Turn grass clippings and kitchen scraps into a gardener's dream soil.
Making compost is one of the smartest, most productive things you can do as a gardener. You'll turn yard and kitchen waste into rich, organic matter that's a valuable soil amendment for your garden and yard. You'll also reduce your garbage output, and help meet widespread restrictions now imposed for landfills. Contrary to common thought, a compost pile doesn't smell bad, attract pests, or create an eyesore.

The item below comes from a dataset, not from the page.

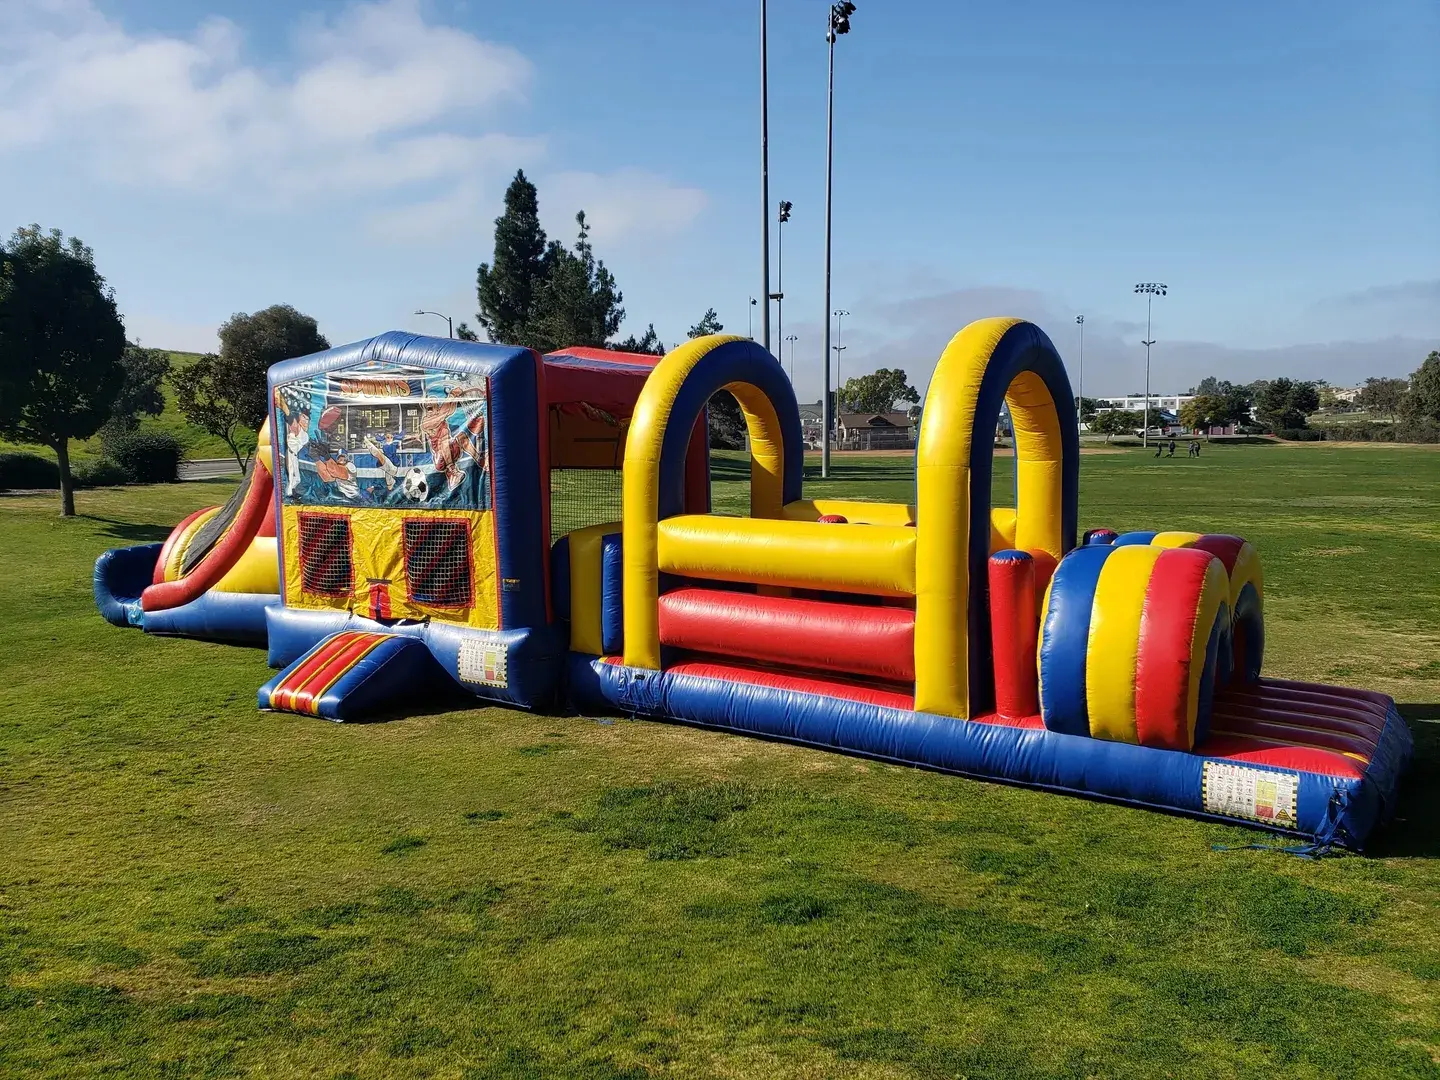 A large inflatable obstacle course set up in the grass.

As a natural process, compost happens when vegetative waste decomposes within weeks into fertile humus. Start by layering leaves, grass clippings, weeds, kitchen scraps (no meat, bones, or fat) and topsoil in a bin made for composting or in a pile on the ground. Water the pile if it is dry and doesn't decompose. Add leaves if it is too wet or starts to smell sour. Turn the pile once a season to speed decomposition.
Use compost in beds: Use rich, fertile compost as food for your garden's soil, to improve drainage and support healthy plant growth. Simply shovel the compost into garden beds and work it into the soil, using a garden rake. If you're lucky enough to make loads of compost -- or have access to a municipal source -- add wheelbarrows full of it to your garden each spring and fall. You'll build your soil's fertility as well as its water holding capacity.
Improve your soil: When building new beds or preparing a garden for planting, first work compost into the soil. Spread 2- to 4-inch layer of compost on the dry garden soil and till it in. Sprinkle compost on the lawn to feed it, too.